Why memory addresses are even numbers?

Question

After noticing in the VS debugger that memory adresses are usually even numbers I tried out the following program (MS Visual Studio 2012)

struct noise {
    int data[3];
};

int _tmain(int argc, _TCHAR* argv[])
{   
    std::vector<noise*> vn; 
    std::vector<std::complex<double>*> vv;

    for (int i(0); i < 90000; ++i) {
        std::complex<double> *cur = new std::complex<double>(1, 1);
        assert( ! ((int)cur&1) ); // assert if adress is not even
        vv.push_back(cur);
        if ( ! (i% (rand()%5 + 1)) ) vn.push_back(new noise);
    }

    for (std::size_t i(0), ie(vv.size()); i < ie; ++i) { delete vv[i]; }
    for (std::size_t i(0), ie(vn.size()); i < ie; ++i) { delete vn[i]; }

    system("PAUSE");
    return 0;
}

It never asserts! How so? Is there a way to make it assert? Are there any uses for this as a sideffect?

Answer 1

Processors (and thus, compilers) generally like data to be "aligned" to a higher granularity than bytes. For example, since a 32-bit processor deals with numbers in 32-bit chunks, and not 8-bit chunks, it's more efficient for things to be aligned on 32-bit (4 byte) boundaries. In fact, some processors even require a certain level of alignment.

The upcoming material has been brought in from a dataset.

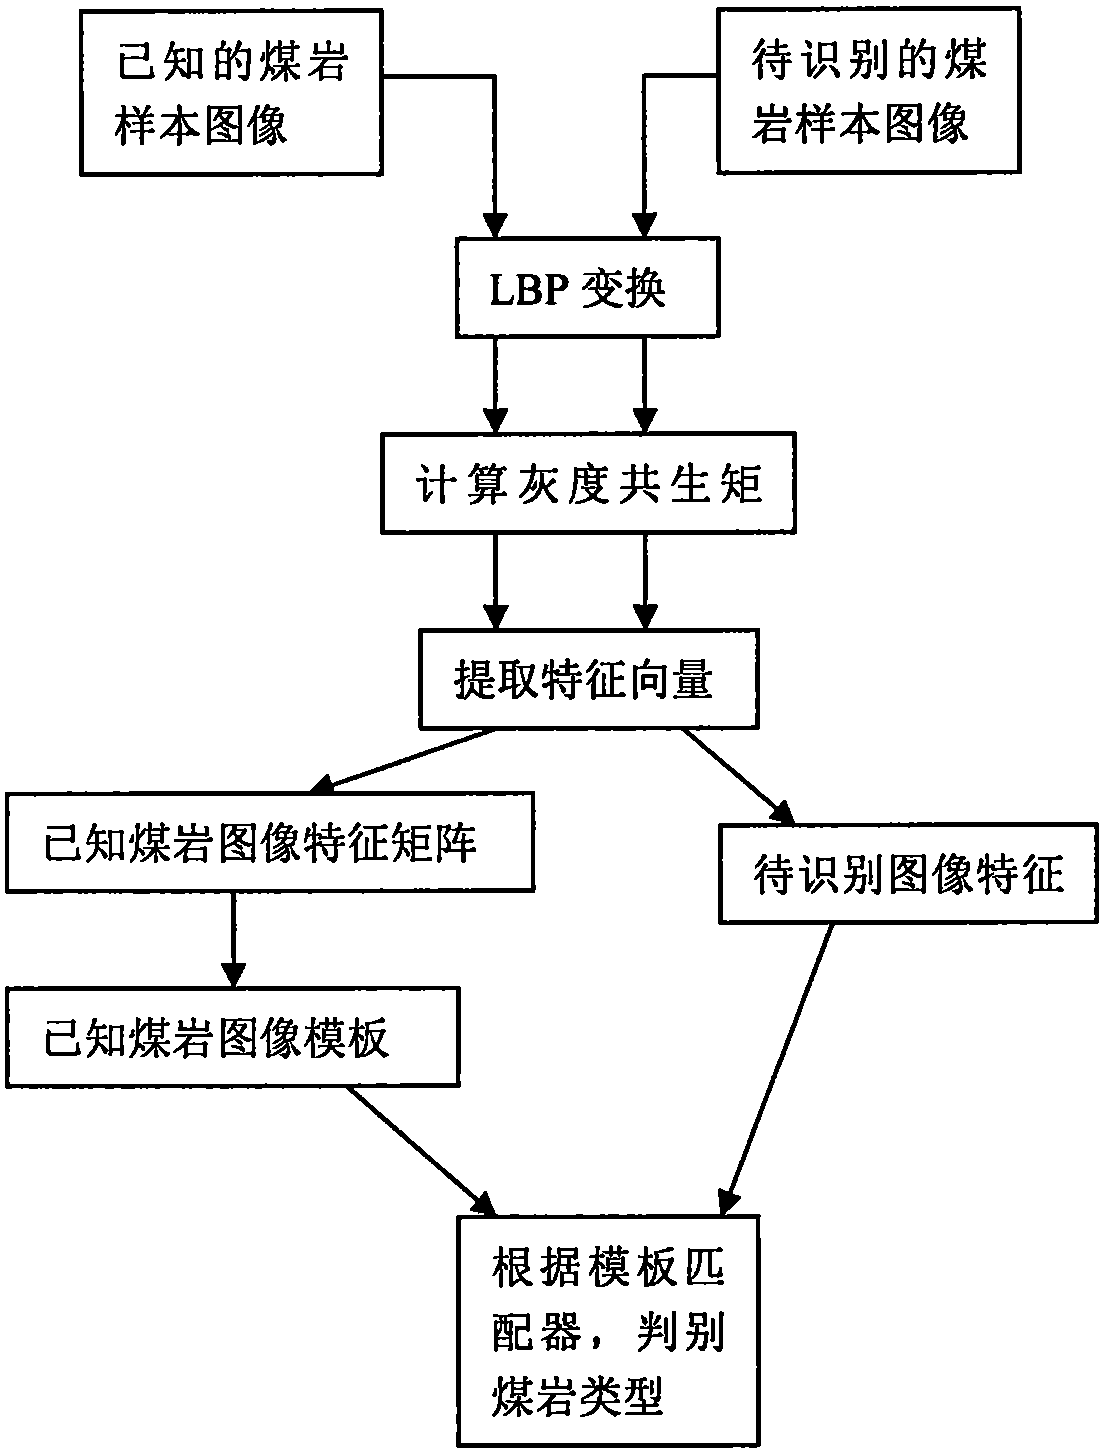 Coal-rock identification method based on image LBP

There are lots of other reasons for alignment, such as preventing a word from spanning across multiple memory pages. Compilers will often insert padding inside data structures so that each member of the structure is aligned to a certain multiple (usually powers of 2). Most compilers also allow you to change the alignment settings (using a #pragma).